--- Exercise data Enclosed Below ---

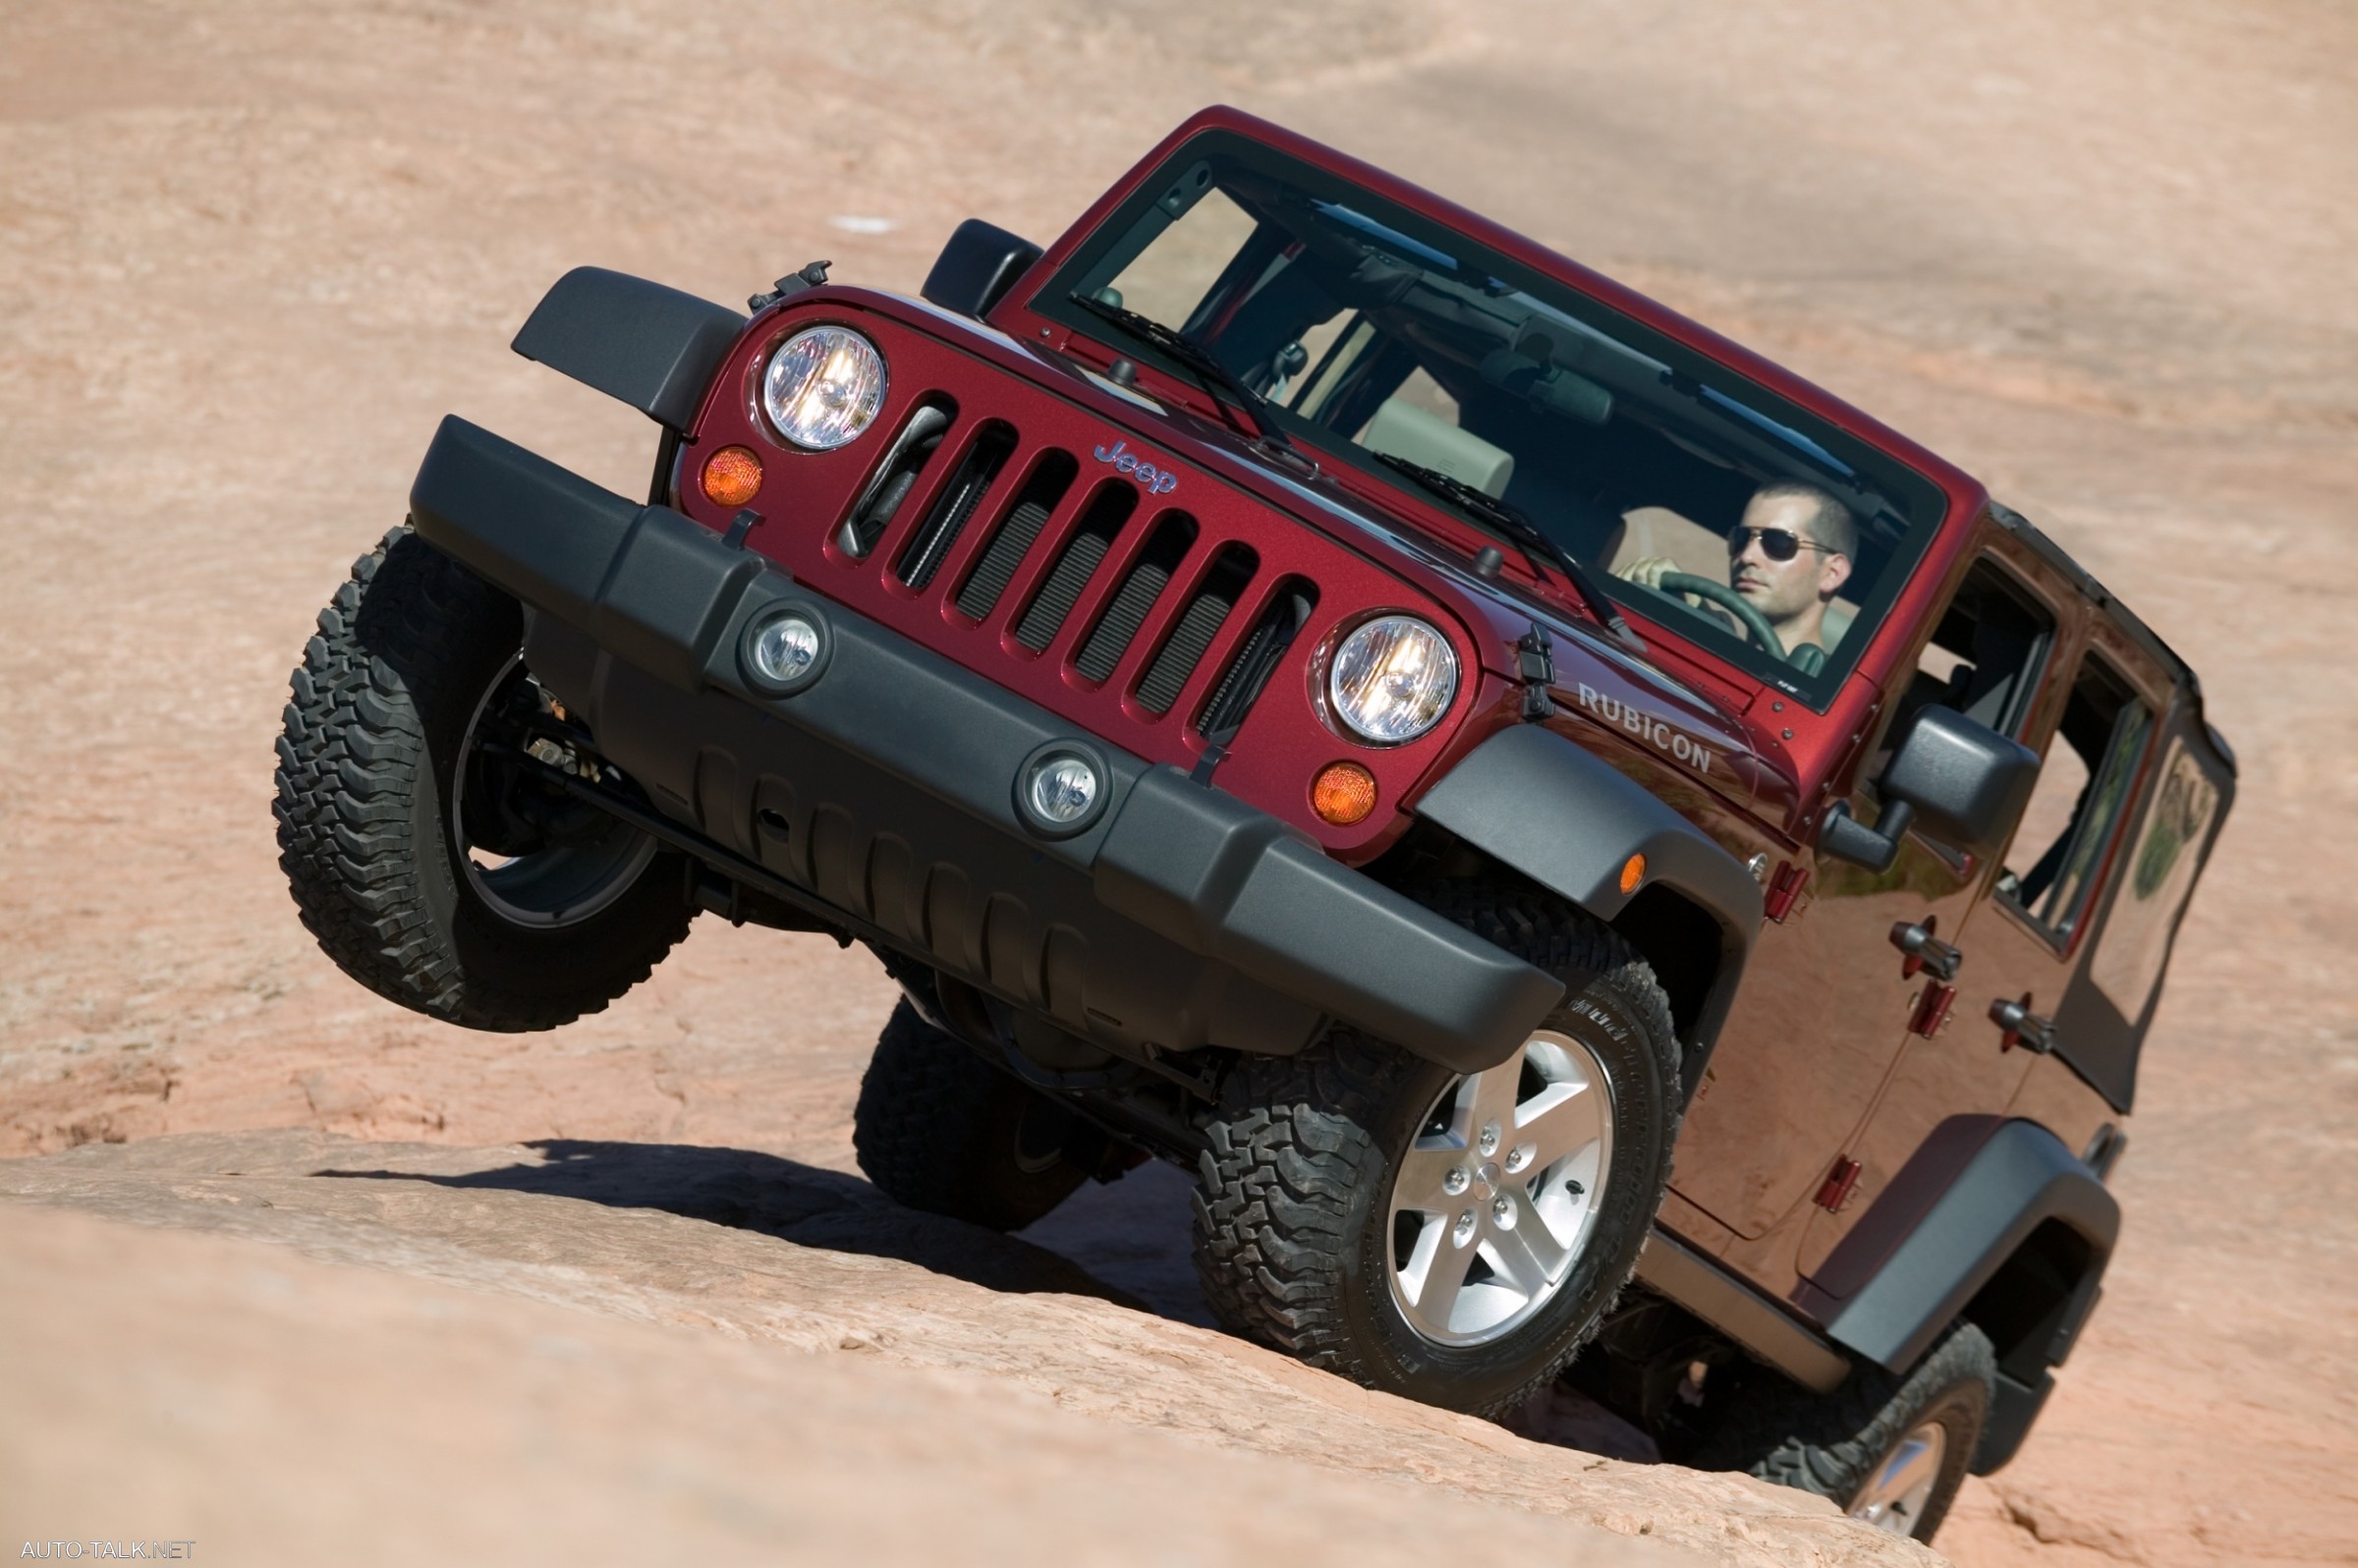 Jeep part. 2006 Jeep Wrangler JK. Jeep Wrangler 2007. Jeep Wrangler Unlimited 2007. Jeep Wrangler Unlimited JK Rubicon.
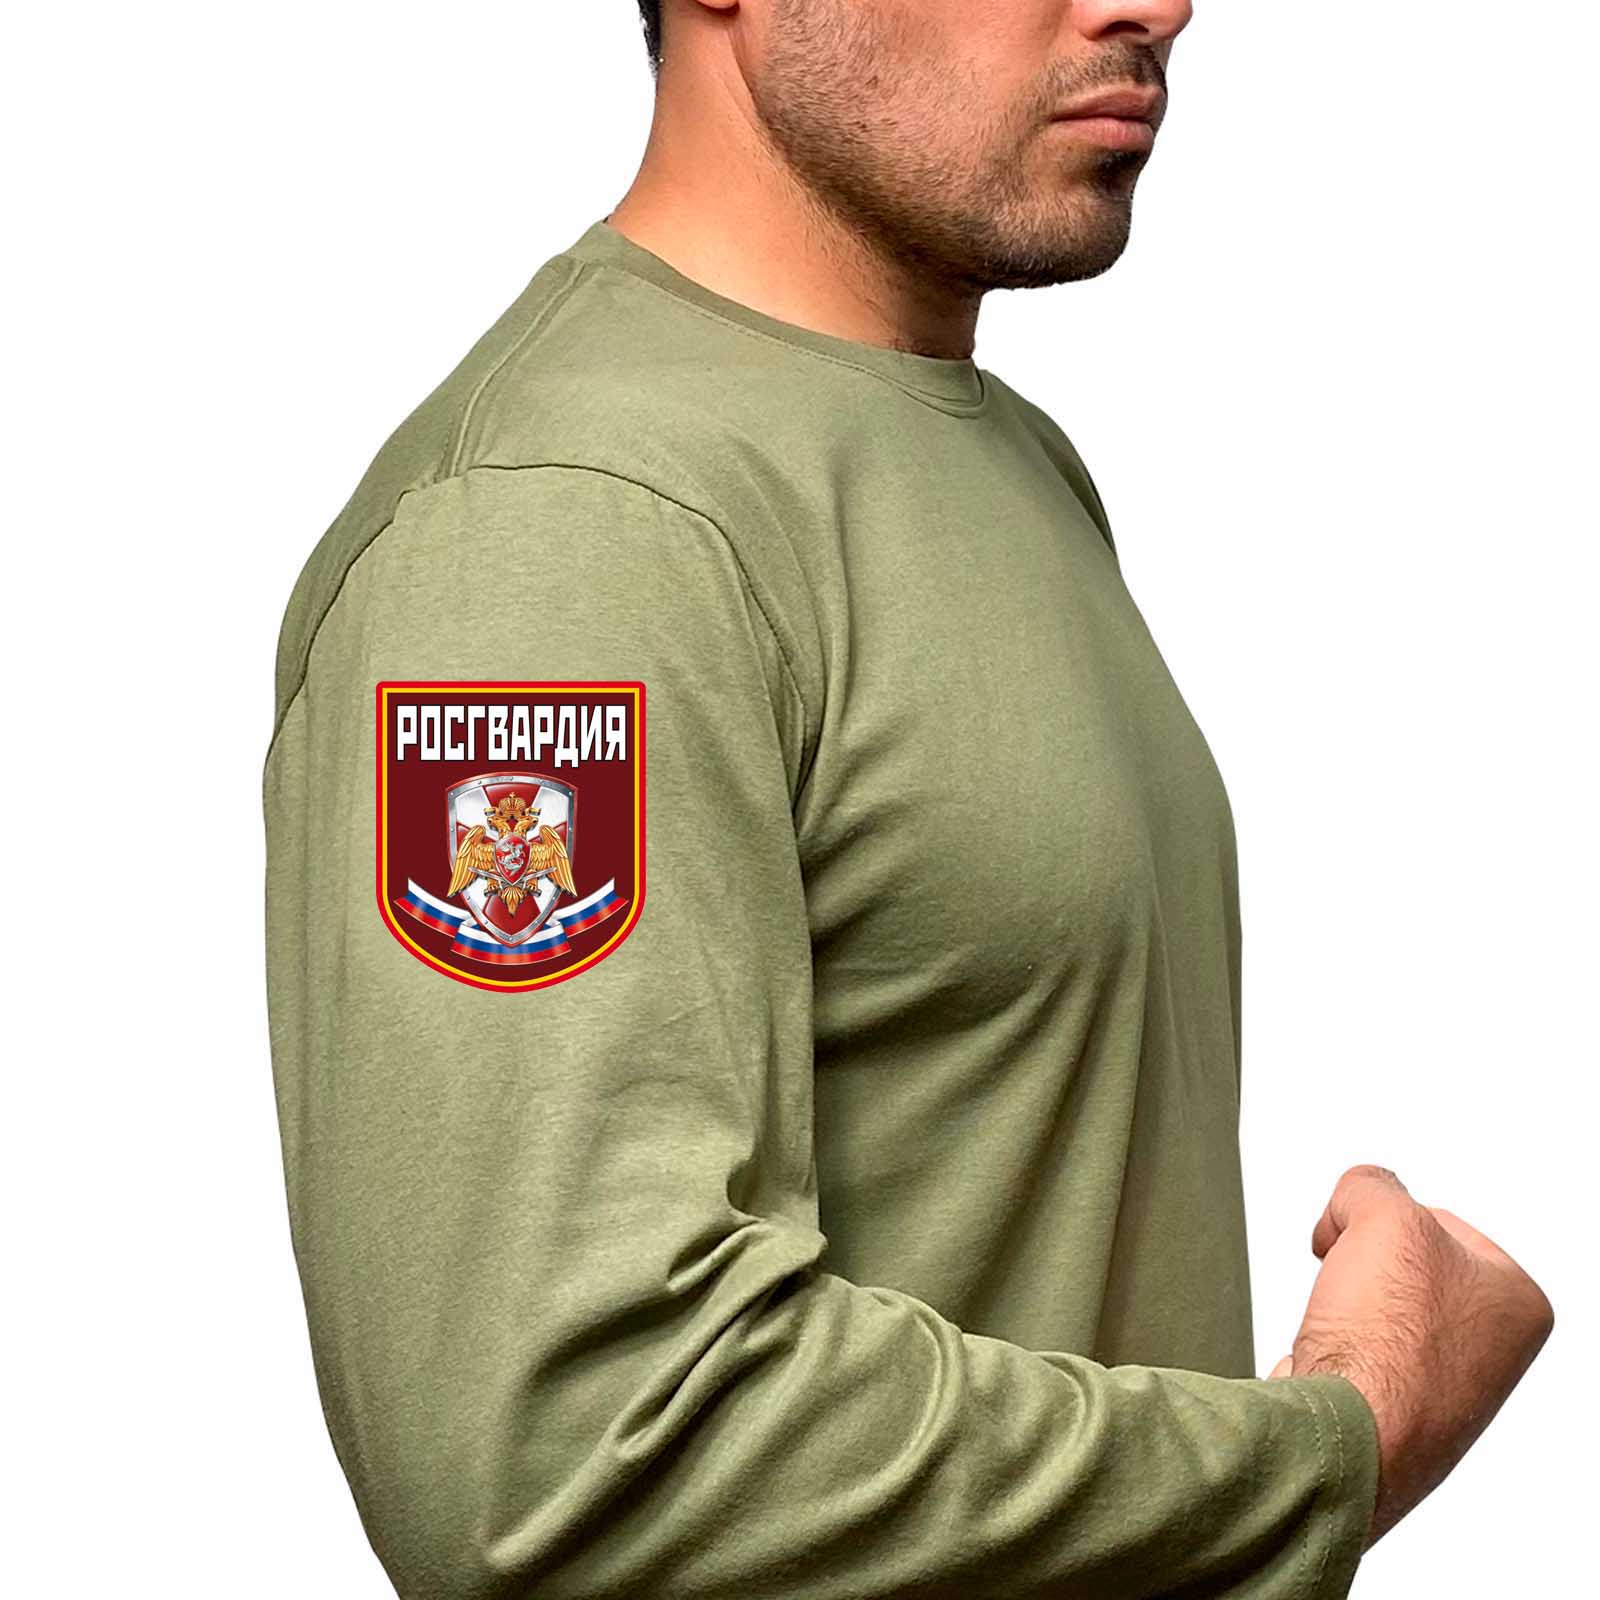 Купить футболку с длинным рукавом милитари с термотрансфером Росгвардия с доставкой
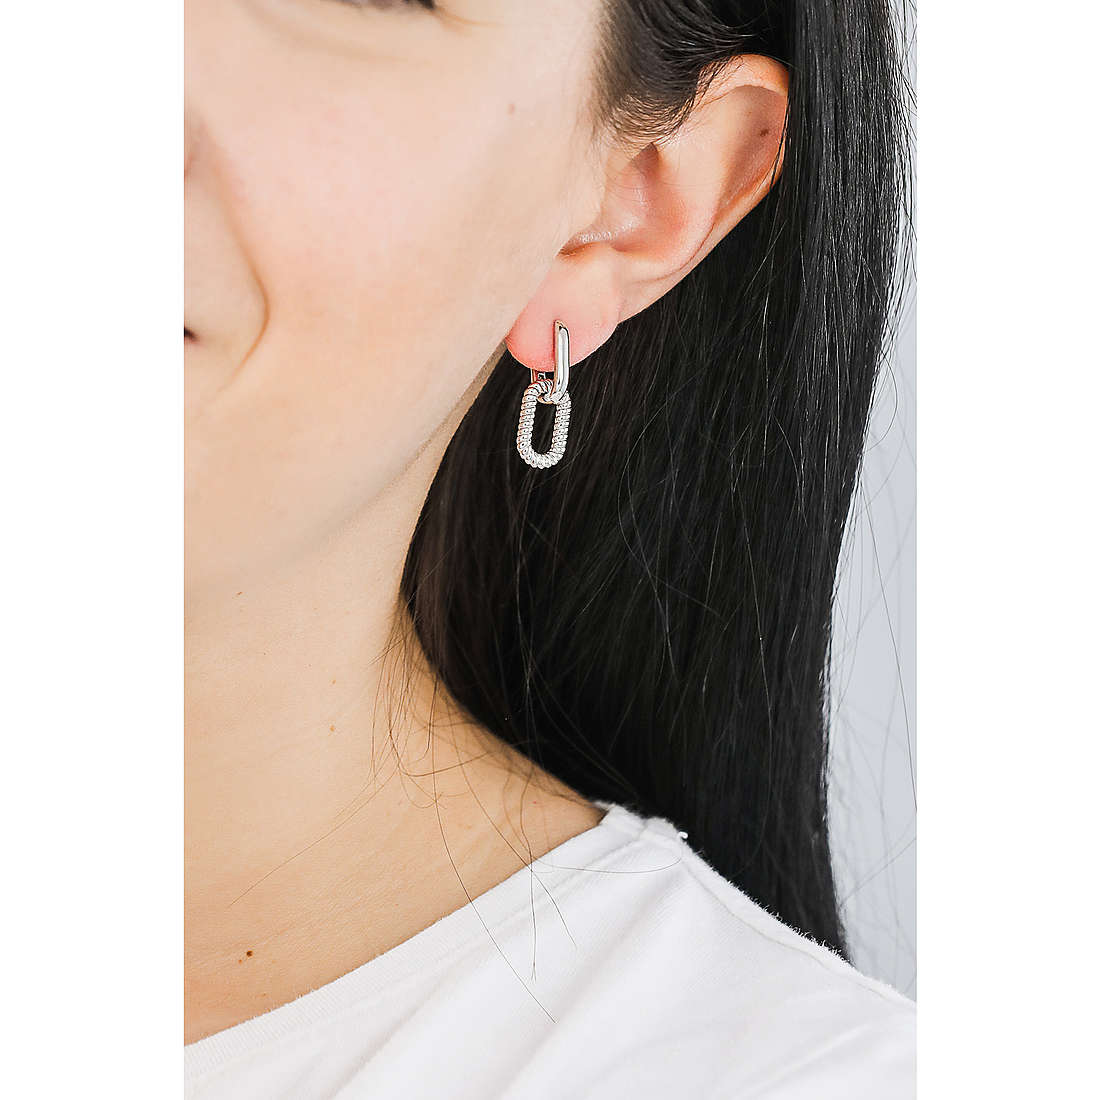 TI SENTO MILANO earrings woman 7831ST wearing

--- End of Enclosed Exercise data ---

Dropping every picture, restate the material word for word.

**Exercise answer**
 Jeep part. 2006 Jeep Wrangler JK. Jeep Wrangler 2007. Jeep Wrangler Unlimited 2007. Jeep Wrangler Unlimited JK Rubicon.
 Купить футболку с длинным рукавом милитари с термотрансфером Росгвардия с доставкой
 TI SENTO MILANO earrings woman 7831ST wearing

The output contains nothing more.